### Dataset content
=-=-=-=-=

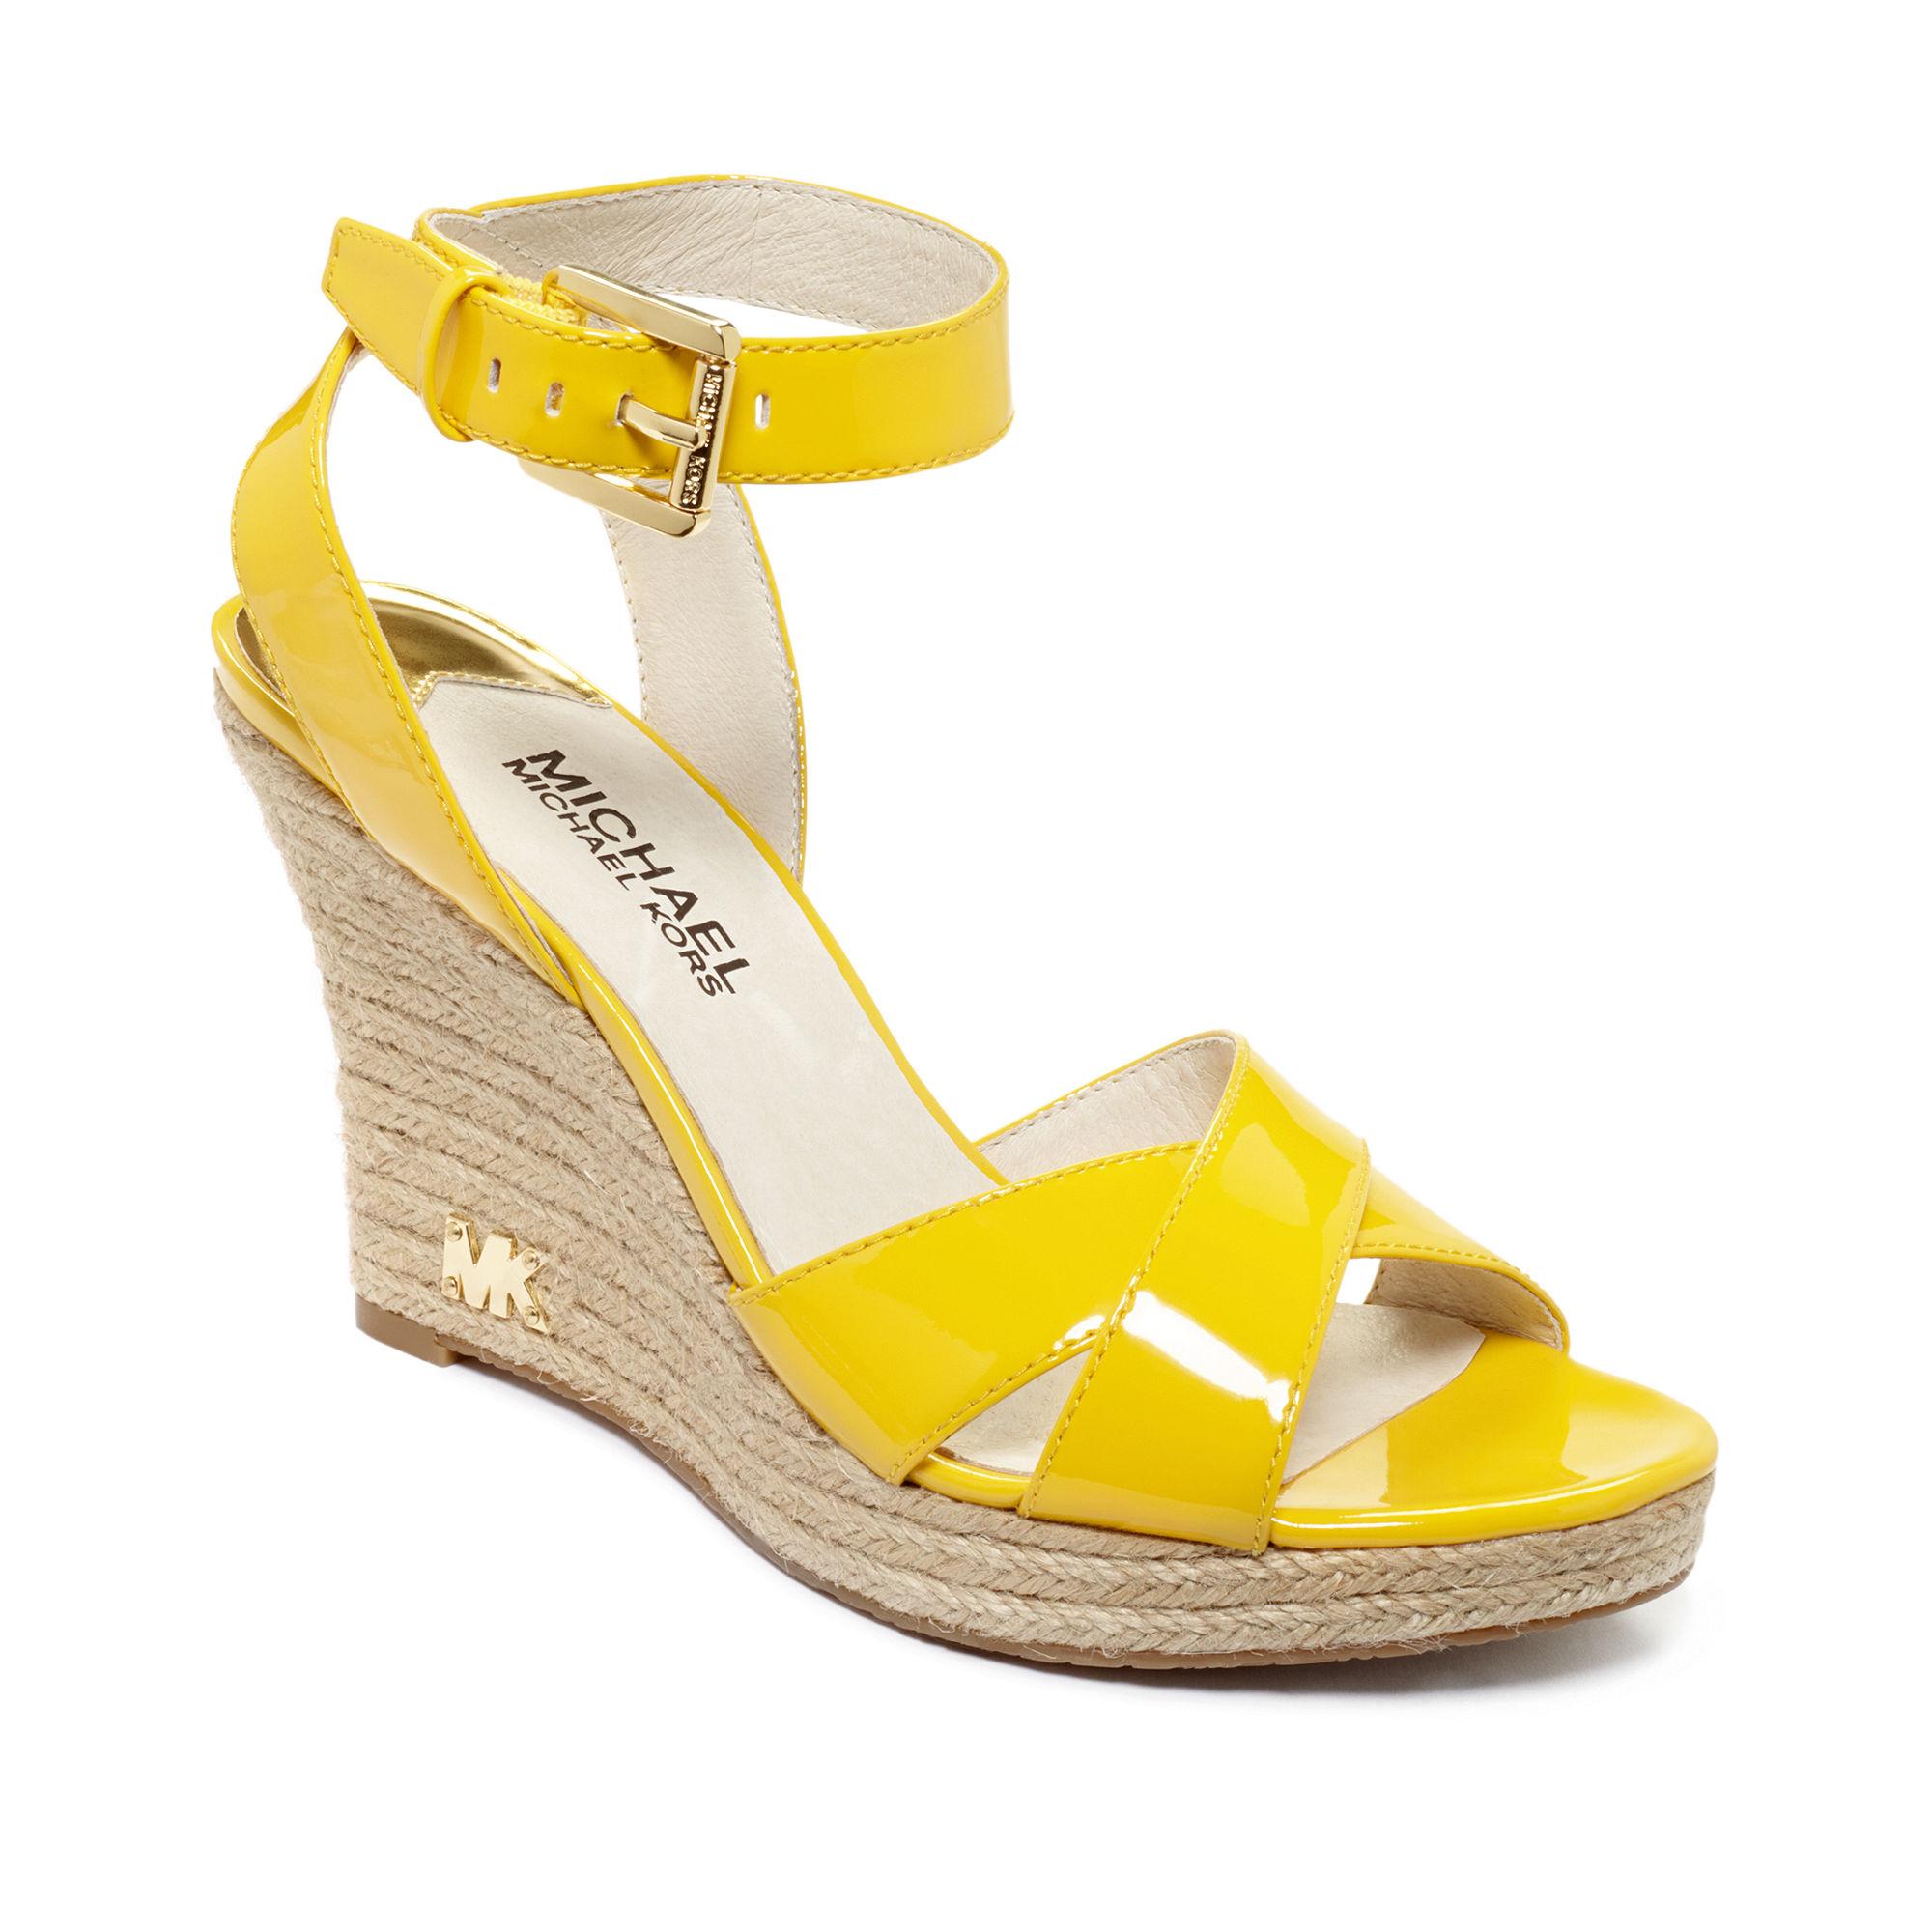 Michael kors Kami Platform Wedge Sandals in Yellow   Lyst
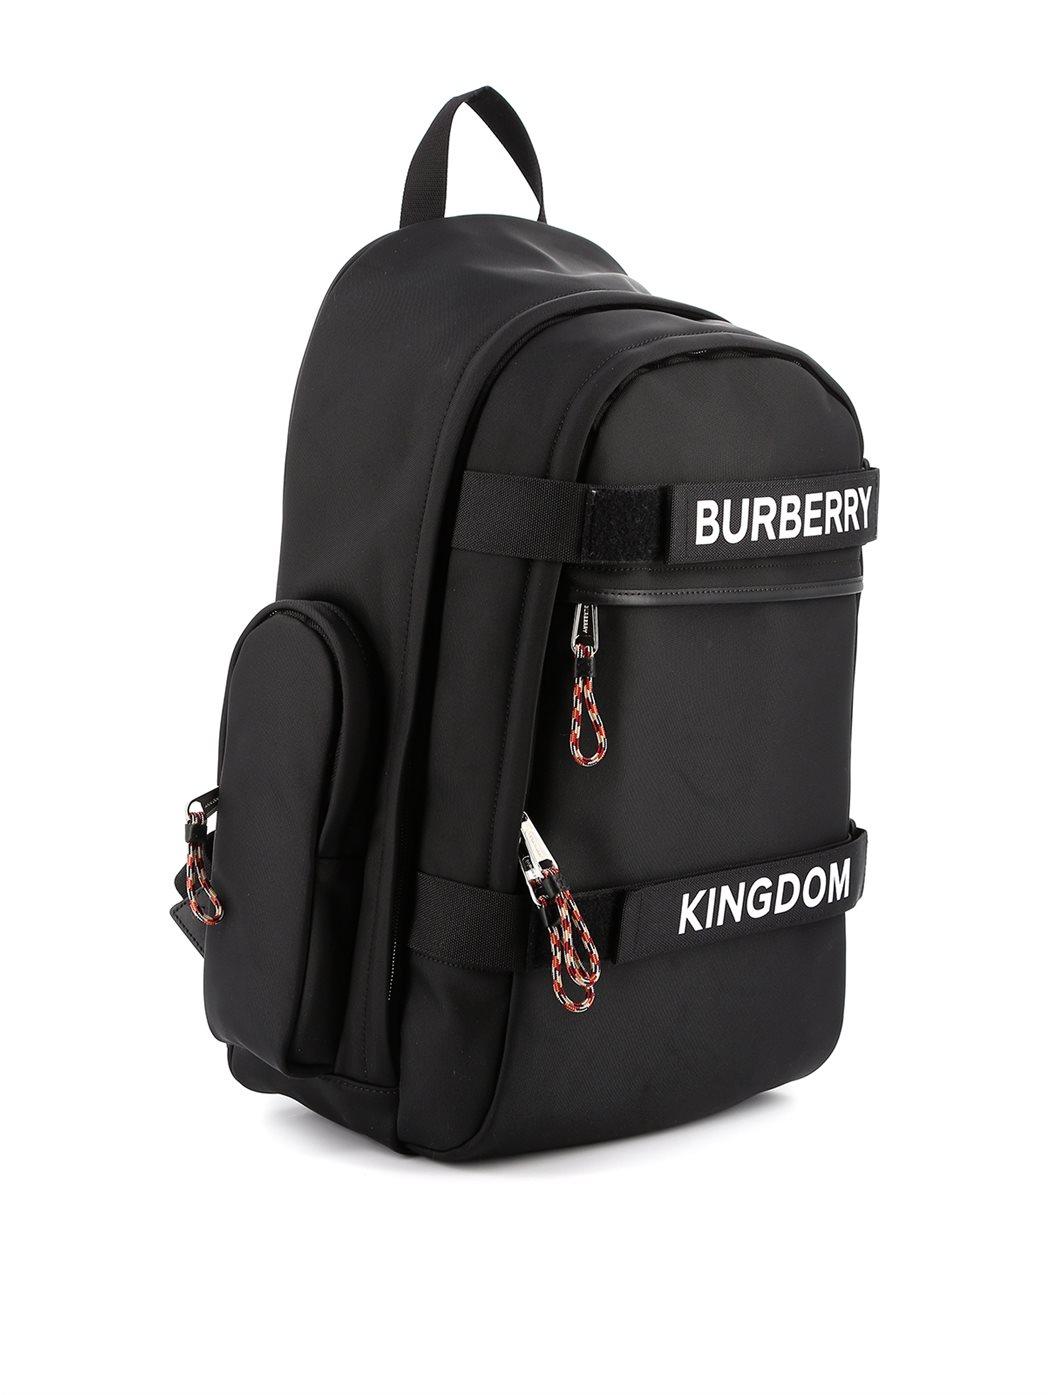 BURBERRY 8023569 Black-whit ZAINI
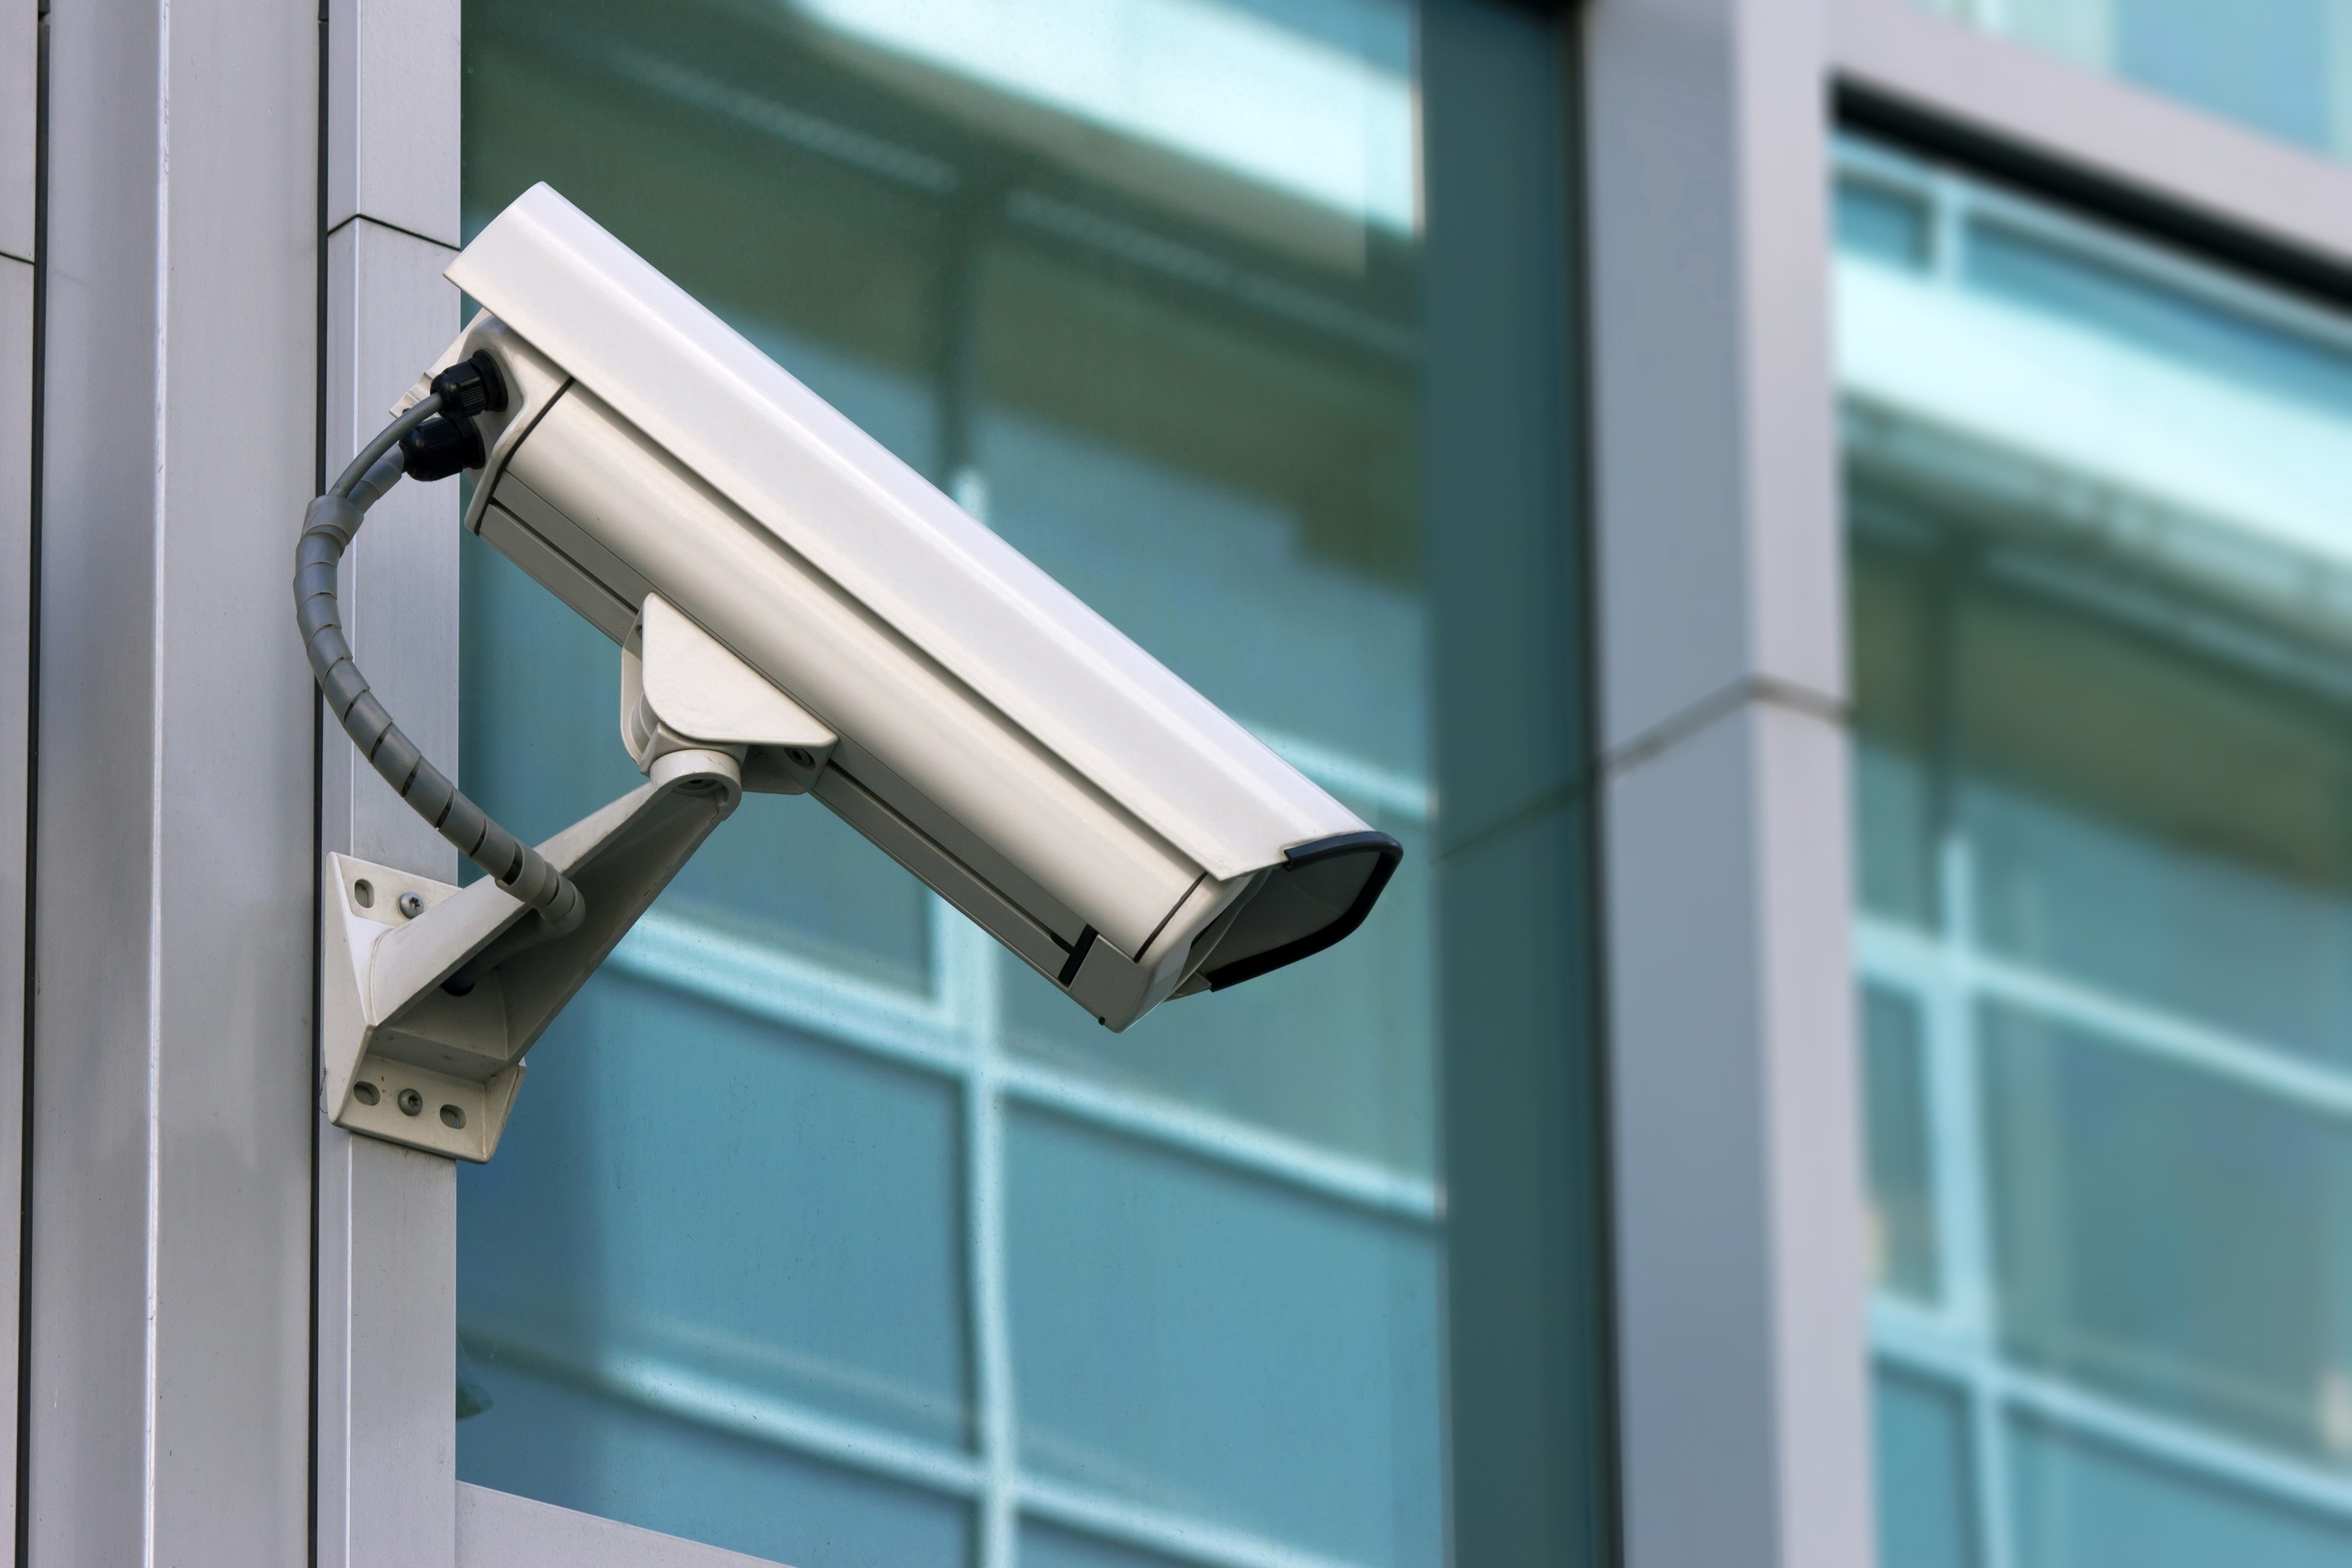 Cctv Camera Security   Stock Photos Images HD Wallpaper HD 3900x2600

=-=-=-=-=

### Problem details
The expected output is every line of the data, unchanged, with the pictures skipped.

### Answer to the problem
 Michael kors Kami Platform Wedge Sandals in Yellow   Lyst
 BURBERRY 8023569 Black-whit ZAINI
 Cctv Camera Security   Stock Photos Images HD Wallpaper HD 3900x2600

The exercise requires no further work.